Networked control systems are spatially distributed systems for which the communication between sensors, actuators and controllers is supported by communication networks. Recent advances in sensing, communication technologies and computer architecture have led to the rapid growth of cost effective and low power devices, which dramatically increases the adaptability, efficiency and functionality of the control systems. However, networked control systems also introduce new challenges, as the information becomes local to each node and the information sharing between nodes may subject to network effects such as packet drop or delay.

In this course, we will review several recent advancements in networked control theory. We first consider a centralized control scheme, where the communication between the sensor, the controller and the actuator is unreliable. We then move to distributed control schemes and analyze the consensus algorithm, as it is key for many distributed control applications. Next, we study the performance of a consensus-based distributed inference algorithm.
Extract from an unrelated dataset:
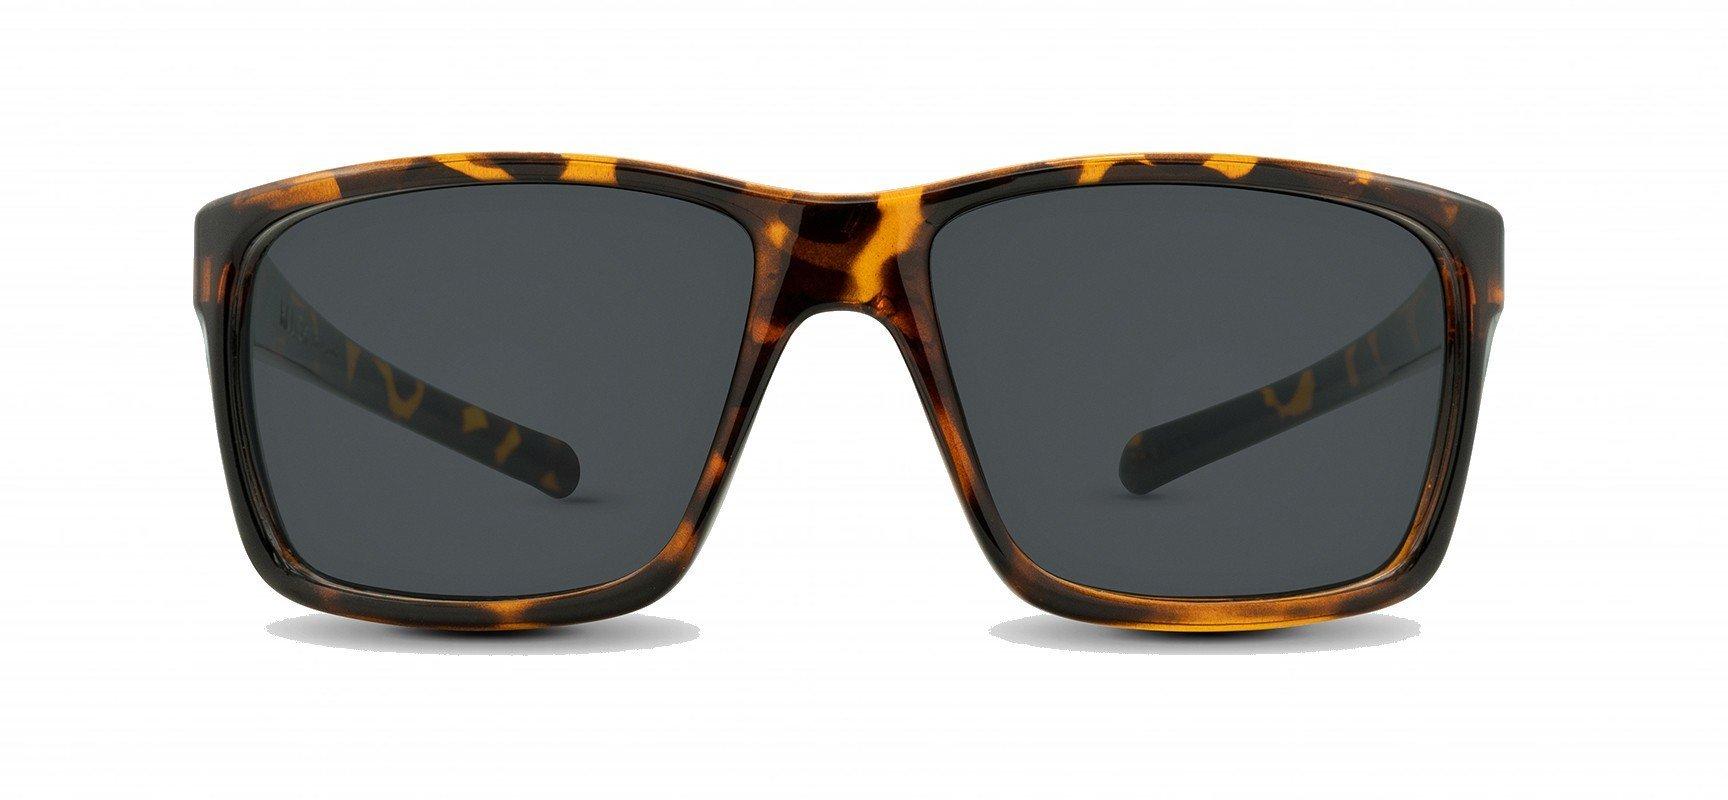 Killick Chesapeake Sonnenbrille Herren Braun 47mm von Nectar
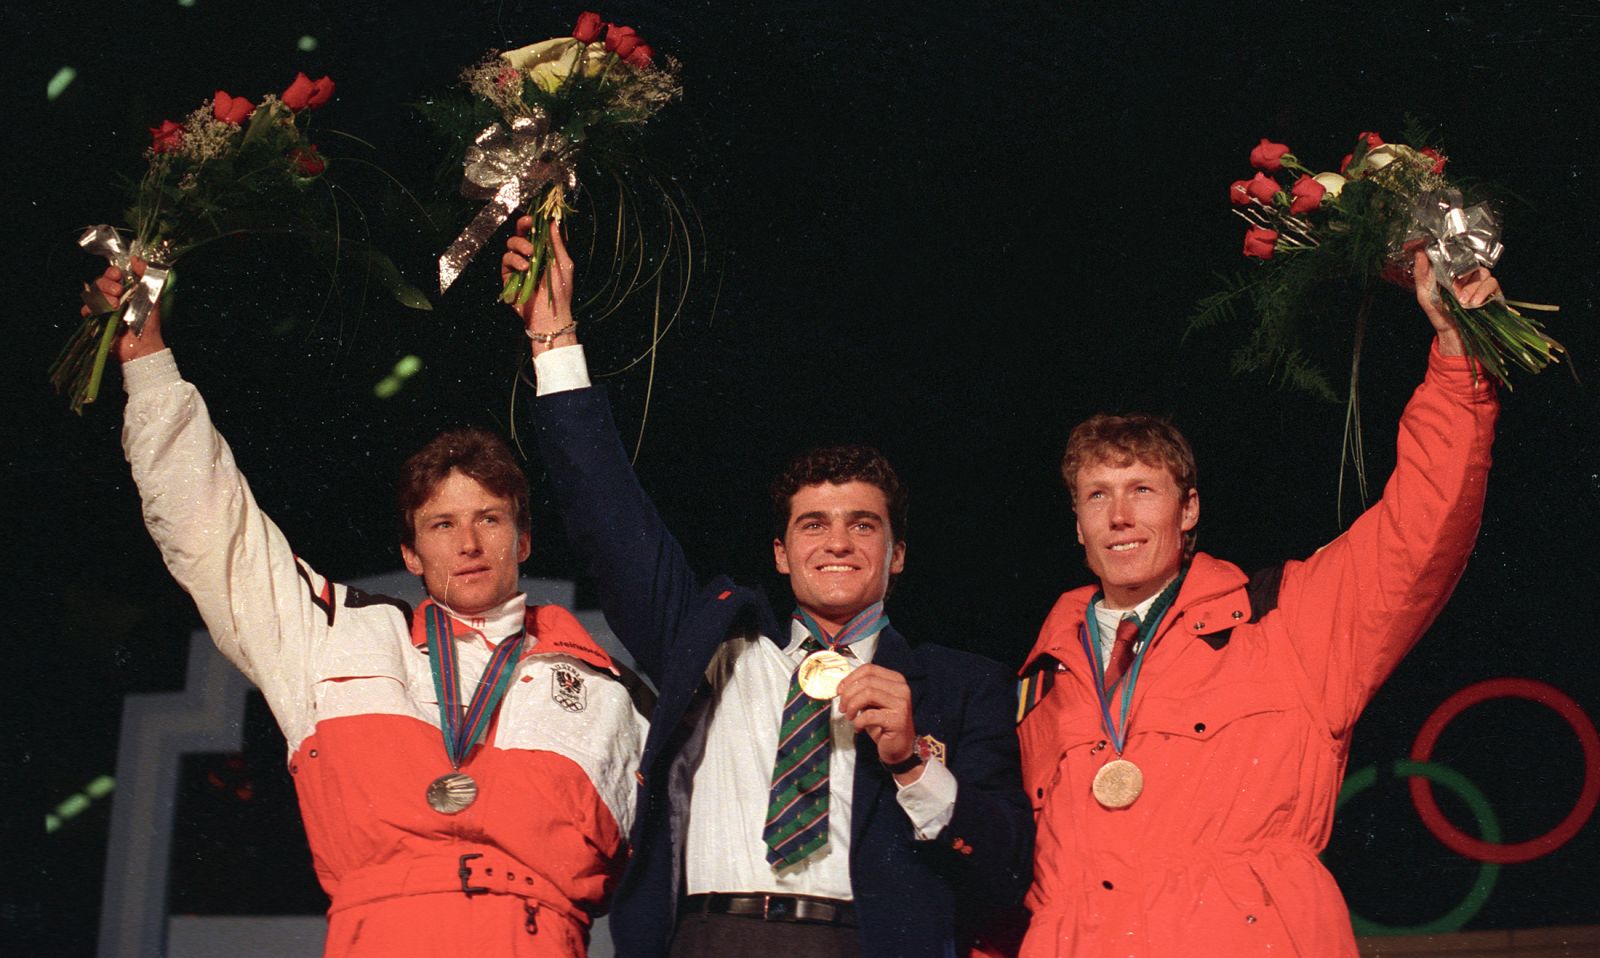 Tomba con la medalla de oro olímpica del Eslalom Gigante de Calgary 88.

Finally, we discuss the consensus algorithm in adversarial environment.

Course Goals

  • Understanding of some new topics in the area of networked control theory
  • Understanding of techniques, such as Riccati equation, non-negative matrix theory, large deviation and linear structured system theory, which could be useful for other areas of research

Syllabus

  • Estimation and Control over Networks: Classical Kalman Filtering, Algebraic Riccati Equations, Estimation and Control over Lossy Networks
  • Distributed Control: Non-negative Matrix, Perron-Frobenius Theorem, Average Consensus, Randomized Gossip Algorithm, Convergence Rate, Consensus with Additive Noise
  • Distributed Inference: Hypothesis Testing, Large Deviation (Chernoff’s Lemma and Cramer’s Theorem), Asymptotic Performance of Distributed Hypothesis Testing
  • Security: Fault Detection and Identification, Generic Properties of Linear Structured Systems, Detectabiliy and Identifiability of Malicious Nodes in Consensus Algorithms.

Course Administration

There is no required homework and no midterm or final exam. Course grades will be based on a research presentation.